A screenshot of No More Room In Hell 2, showing the player inside an abandoned bar, the TV above the bar showing an emergency broadcast.


A screenshot of No More Room In Hell 2, showing a trio of zombies silhouetted at the top of a flight of stairs.


A screenshot of No More Room In Hell 2, showing the player and another player cooperatively bludgeoning a zombie in a kitchen doorway.


A screenshot of No More Room In Hell 2, showing a zombie reeling from the player’s blow, with blood and cranial matter spraying through the air.

No More Room In Hell 2 doesn’t skimp on the gristle, though its violence is grungier than, say, Dead Island 2. | Image credit: Eurogamer/Torn Banner Studios

The fundamentals Torn Banner lays down make for an unusual cooperative experience, akin to a less predatory Hunt: Showdown. Indeed, Torn Banner has clearly taken some inspiration from Crytek’s austere extraction shooter, though I’m not sure every idea it borrows is a wise adoption. The most obvious of these is that character death is permanent, with you rolling a new avatar after each demise. While this is consistent with No More Room in Hell 2’s harsh world, success in Torn Banner’s game is vastly more reliant on other players than in Hunt, where your party is limited to pairs or trios. As such, it’s possible to lose a character simply because you played with the wrong crowd. Again, thematically appropriate, but in a way that’s significantly less fun.

My least favourite aspect of No More Room in Hell 2, however, is how it chickens out of its classic zombie setup. The way it depicts the gradual amassing of the undead, how they become an unstoppable force without you clocking the tipping point, is fantastic. But then the crowd of traditional walkers parts to let through a more modern spinting undead, which can easily avoid your sluggish aim to pummel you to the ground. Not only does this completely throw off the game’s deliberate rhythm, but it also spoils the atmosphere. It’s like a toddler who should be asleep in bed ceaselessly crashing a home dinner party. The first time it happens it’s cute, but after the fifth time they burst into the room with no top on to knock over the dips, the novelty has well and truly worn off.


A screenshot of No More Room In Hell 2, showing the player being mauled by a zombie from a first-person perspective.
I SAID NO HUGS DAMNIT! | Image credit: Eurogamer/Torn Banner Studios

Among Torn Banner’s various pledges on its early access roadmap (which includes welcome additions such as a new map and more weapons) it lists ‘more zombie types’. Frankly, I think adding a bunch of quirky specialist zombies is more likely to ruin the game than improve it. The whole point of zombies is that they’re not special. In fact, they seem unremarkable right up to the point you realise three of them have turned into three hundred. No More Room in Hell 2 captures this feeling beautifully, and it should focus on refining it rather than adding a zombie that spits acid or whatever.

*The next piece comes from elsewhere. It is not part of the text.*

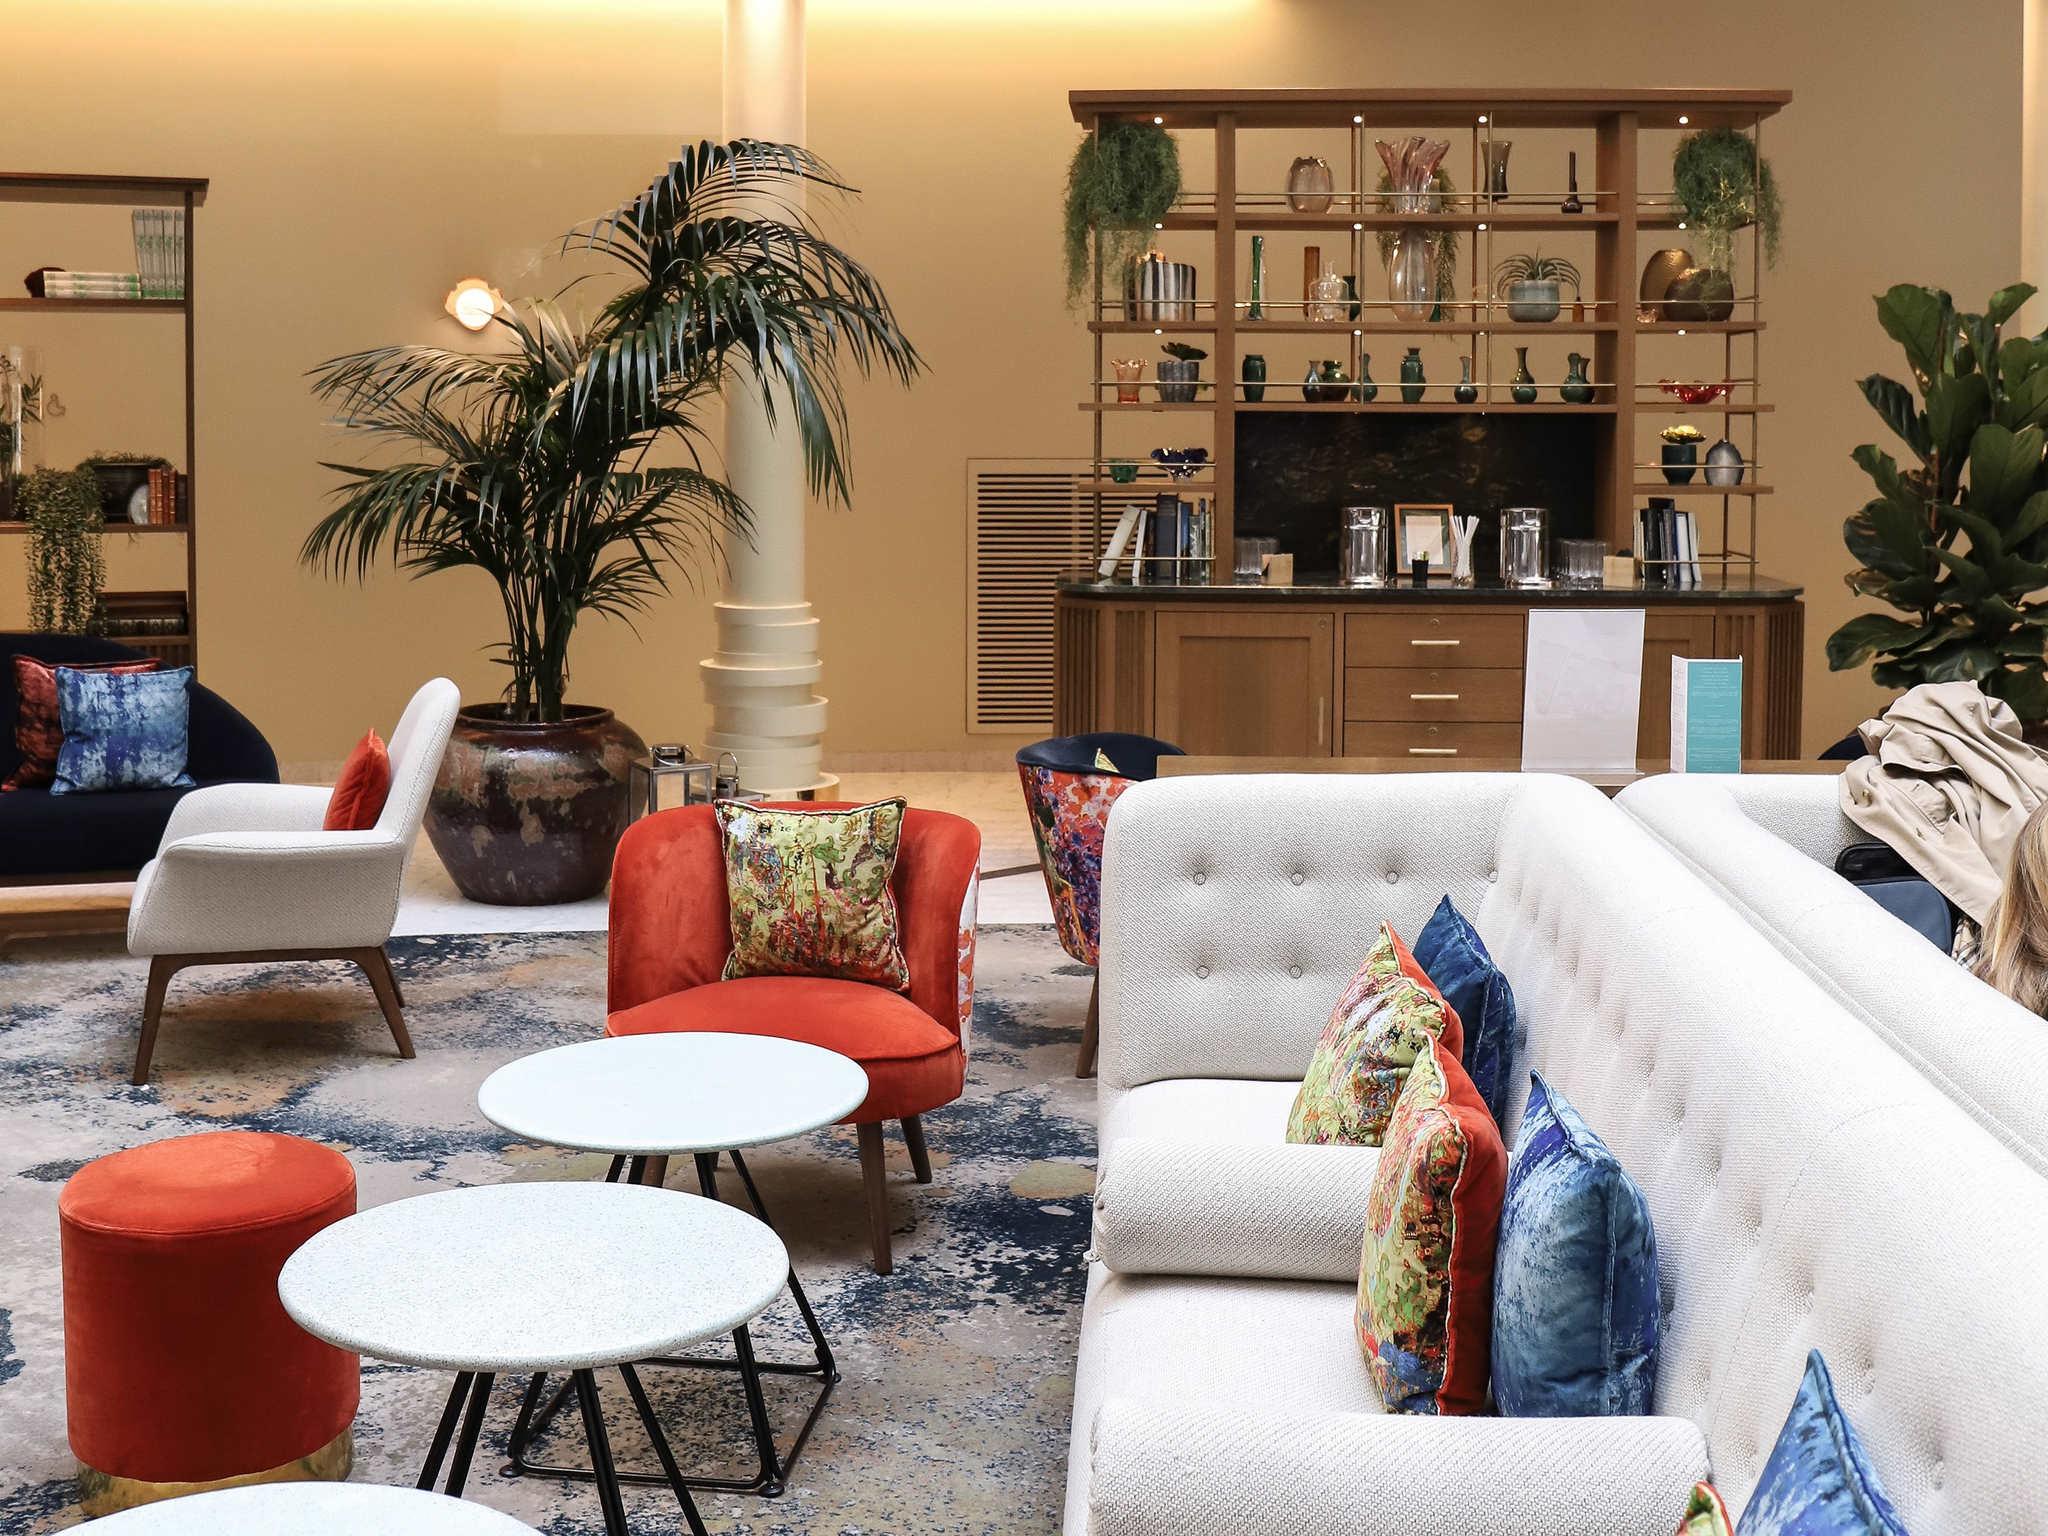 โรงแรม – โซฟิเทล บรัสเซลส์ ยุโรป

I’m slightly baffled by the drubbing No More Room in Hell 2 has received on Steam. Sure, there are rough edges, from amusing bugs such as zombie hair disappearing when you smack them with a pipe, to more serious issues including the occasional crash. But in structure and tone, it’s comfortably the most engaging zombie game I’ve played since the original Dying Light. It takes the concept seriously, patiently builds its tension, and weaves some interesting social dynamics into the mix. I can understand why some people might glance at Torn Banner’s work and write it off as another zombie game. But if anything, No More Room in Hell 2 is a prime example of why you should never take the undead for granted.

A copy of No More Room in Hell 2 was provided for early access review by Torn Banner Studios.